As an adult, I’ve learned how to ”cope” or ”defend” against the terror that I experienced as a young child by using my rational faculties to put the various episodes of the Holocaust into various contexts, categories and compartments of my brain.  But every once in a while, I’ll have a dream of a movie theater where a woman’s face is about to be shown and a voice is about to be heard (on the cover of the Life magazine article, Anne Frank talked about wanting to visit Hollywood), and I experience a paralyzing terror that makes me race out of the theater before this even occurs.

Now then, what does all this have to do with Donald Trump? Plenty. The truth is, I’m afraid that Donald Trump is turning into another incarnation of Adolf Hitler.  There are many parallels with Hitler, most especially in the fact that they both had/have massive inferiority complexes giving rise to pathological ego-mania, and they both tap into a collective inferiority complex of an entire nation giving rise to nationalistic bravado and slogans like ”One People. One Nation. One Leader” (Hitler) and ”Make American Great Again” (Trump).  They both become unhinged by current events, reacting to them with stinging anger and vicious reprisals. I could go on, but I want to stop you there, because I know you’re thinking that Trump could never round up several million people (oh, wait, he’s talked about doing that! – but let’s let that go for the moment) and exterminate them.

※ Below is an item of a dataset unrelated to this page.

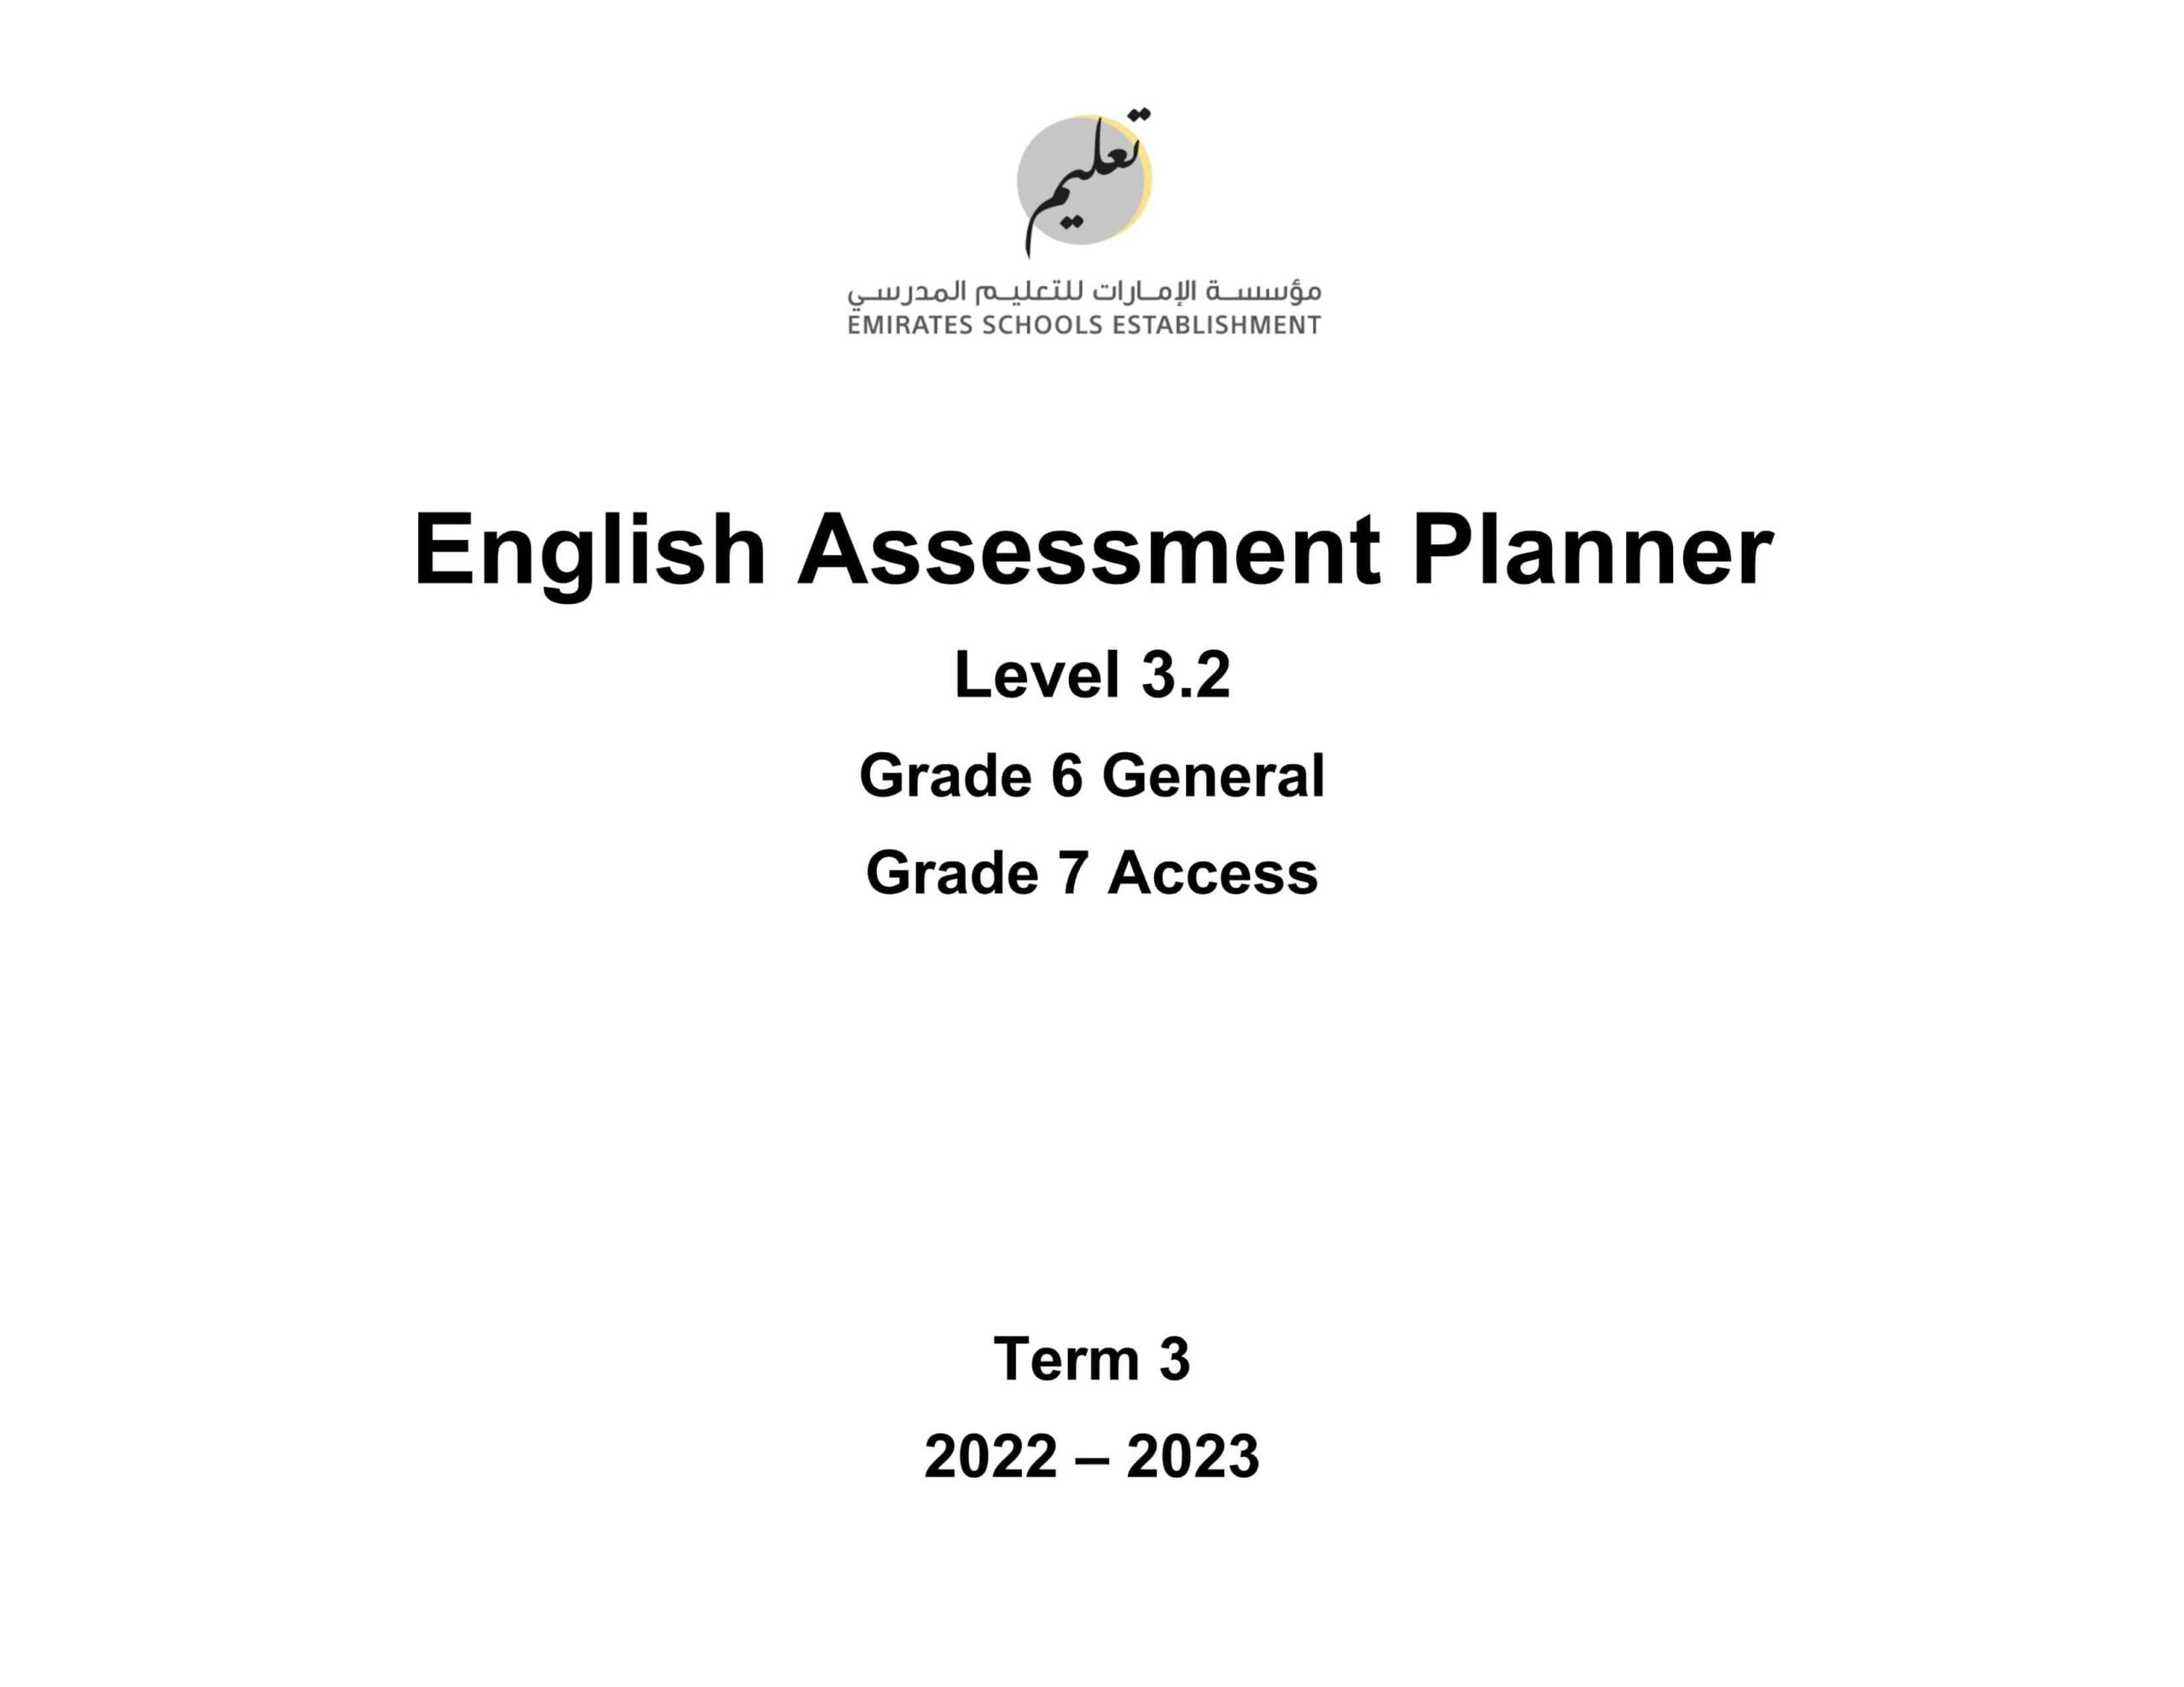 Assessment Planner اللغة الإنجليزية الصف السادس General والصف السابع Access الفصل الدراسي الثالث 2022-2023

I grant you that.  But he’s still quite able to incinerate millions of people in other ways, most notably through recklessly, impulsively, and/or rashly, triggering a nuclear incident or even a nuclear war, resulting in tens of millions, or even hundreds of millions of people dying instantly with many more dying later on.

While Trump followers are reveling in his badass personna and loving the way he doesn’t fit the mold of the traditional politician, they seem to be living in their emotional brain (also known as the ”limbic system”), while the rest of us are accessing our rational (prefrontal cortex) brain.  Because if you think rationally, you would simply not want a man known for recklessness and impulsivity to be in charge of a nuclear arsenal that could wipe out humanity.  And yet millions of Americans seem to think that that’s okay, because, hey, look at how funny and clever some of his tweets are, right?

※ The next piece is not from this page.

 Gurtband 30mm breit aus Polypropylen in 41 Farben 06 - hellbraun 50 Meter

In writing this blog post about Trump, I’m violating a self-imposed embargo on political commentary.  My reason for this was that I didn’t want to antagonize Trump followers and lose them on my social networks.  But now I’m asking myself, what’s more important, offending some people’s political sensibilities, or standing up for a cause where nothing short of saving humanity is at stake?

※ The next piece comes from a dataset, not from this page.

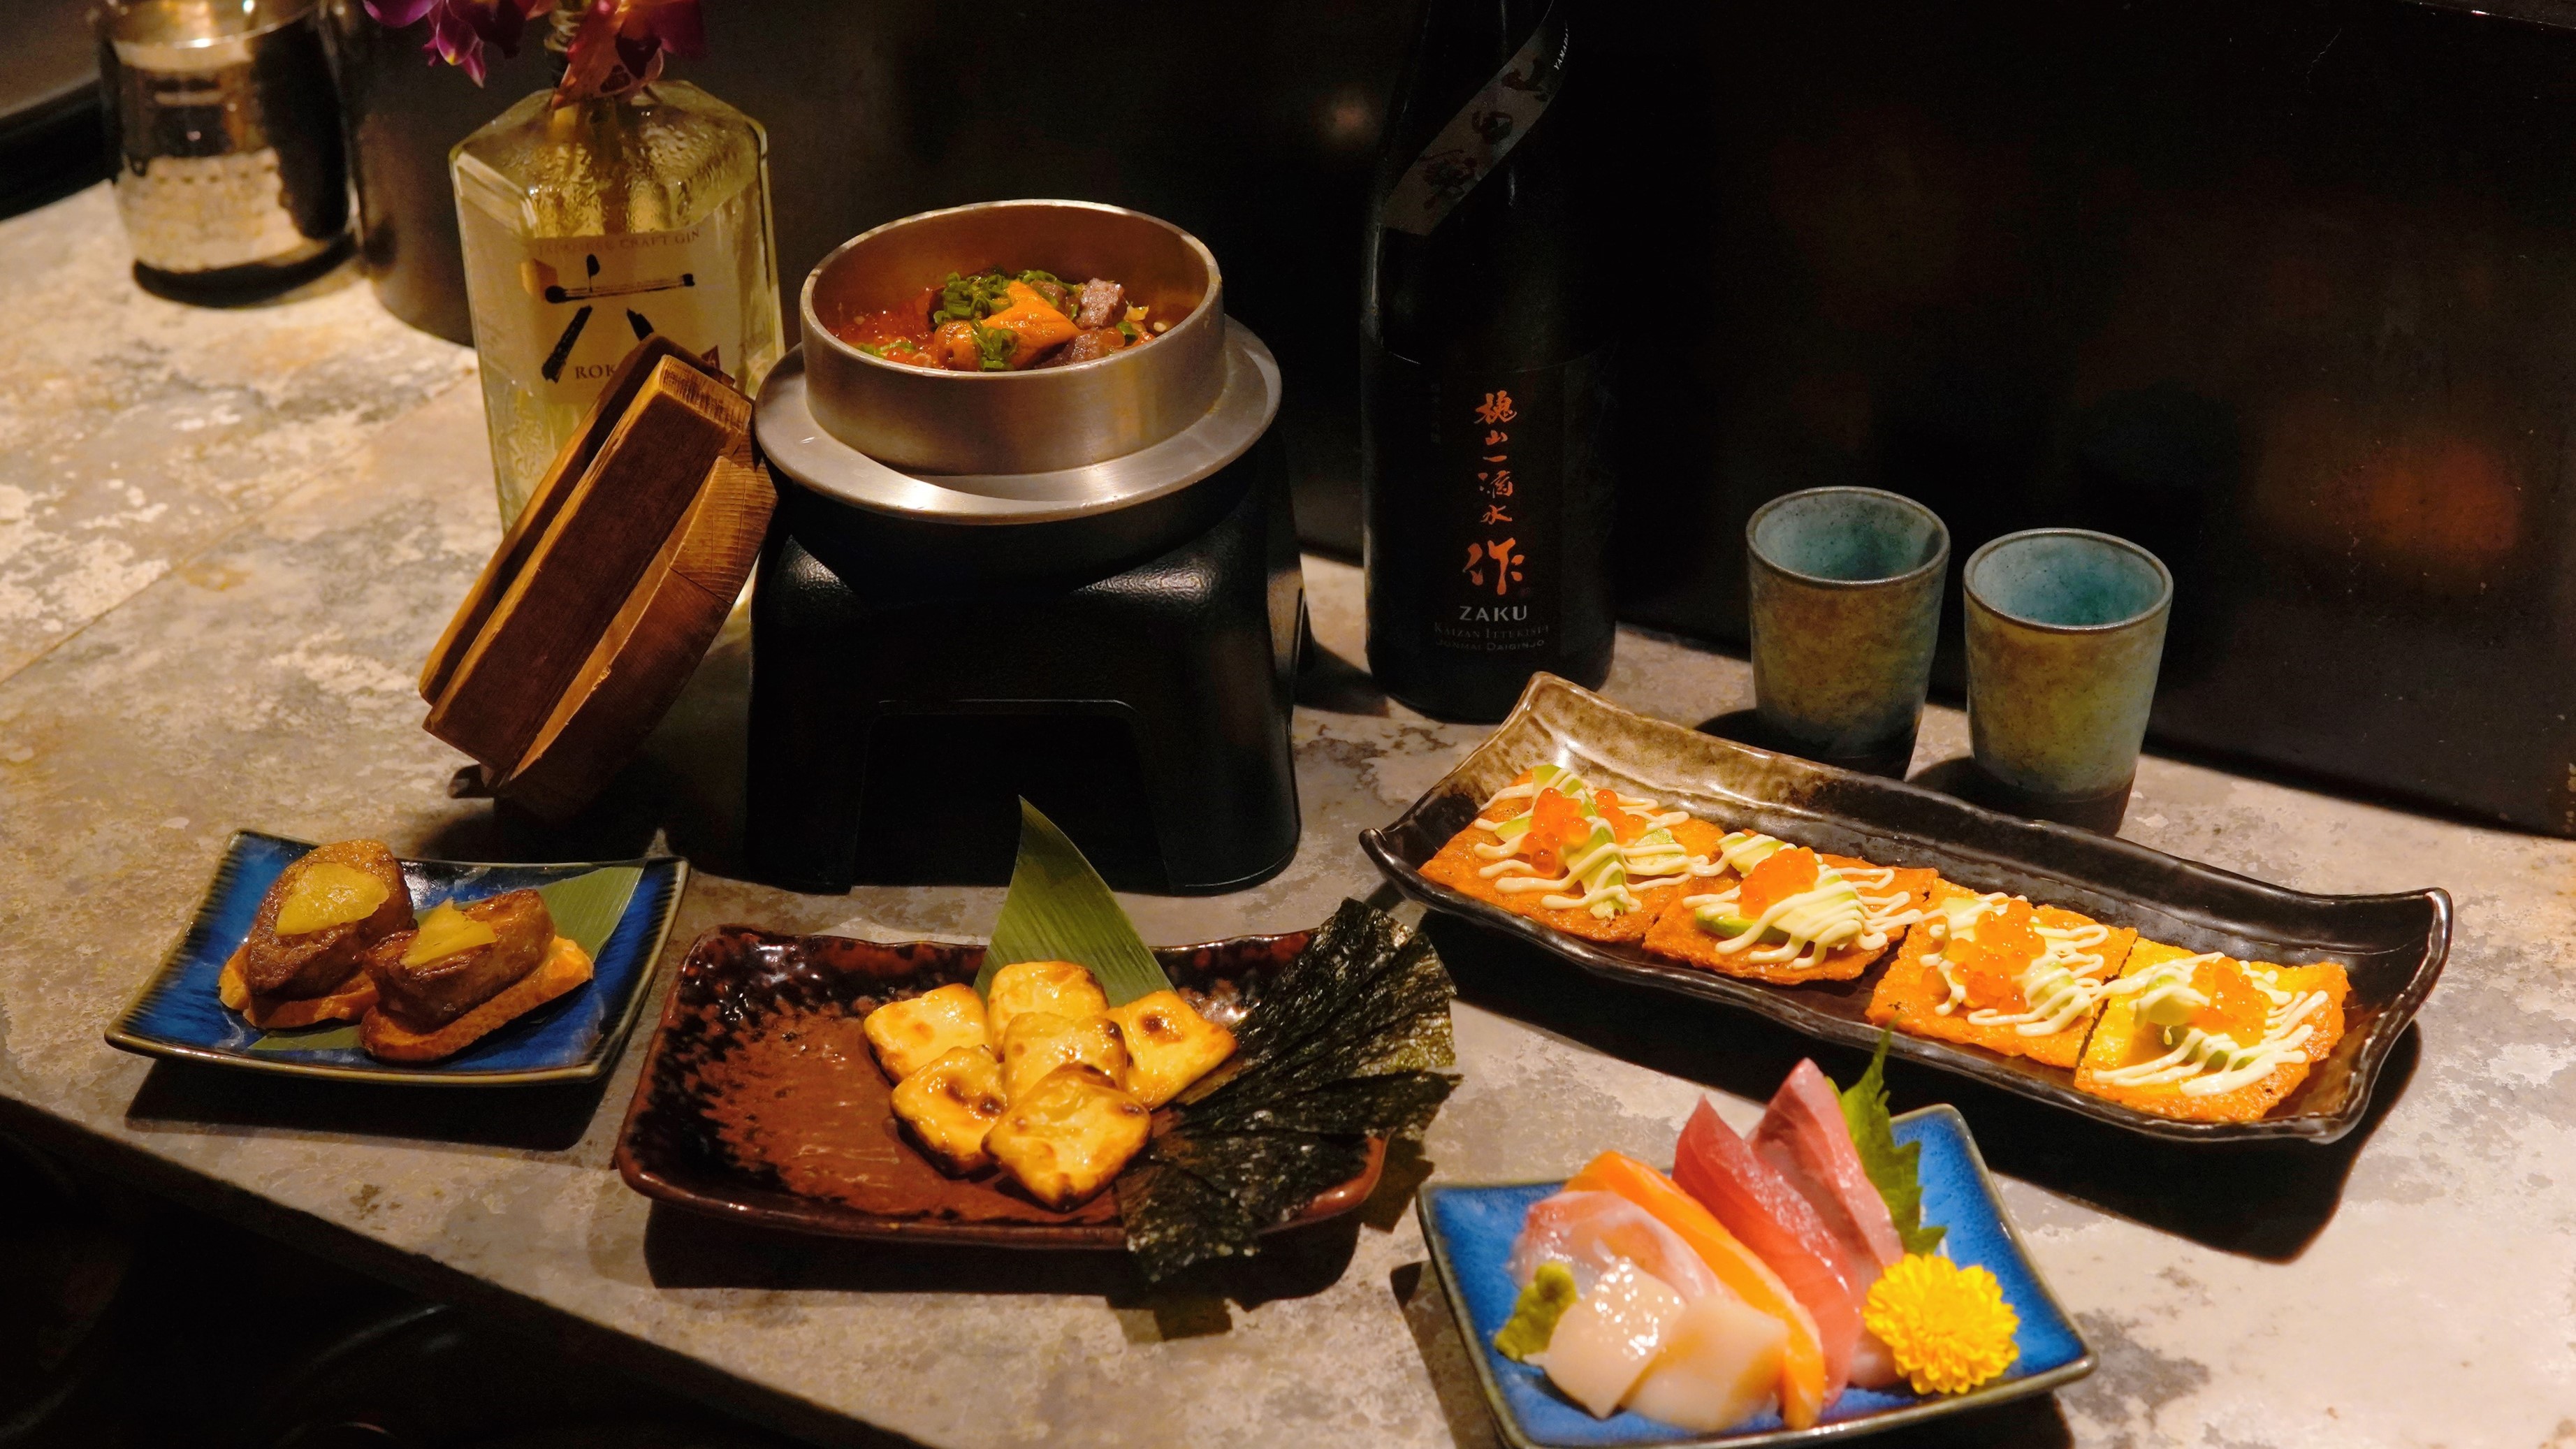 【美食】鬧市中的日式居酒屋 嘗特色佐酒菜

I still believe I’m being true to the mission of my website.  The focus of my blog and website has to do with helping children reach their full potential.  If Trump, in a moment of recklessness, revenge, or carelessness, should be the one to trigger a nuclear Holocaust, then NO child will be achieving their potential, since there will be no child left behind.  Total incineration is what I’m talking about.  So I’m putting my ”Trump Watch” category back up on my blog (I had it up briefly just before and after the 2016 election), and I intend to speak out about the threat that Trump poses (especially if re-elected) to humanity and to our children’s future. Because I don’t want be in a situation where our world goes to hell in a hand basket, while I was one of those who stayed silent about the peril that is in our midst.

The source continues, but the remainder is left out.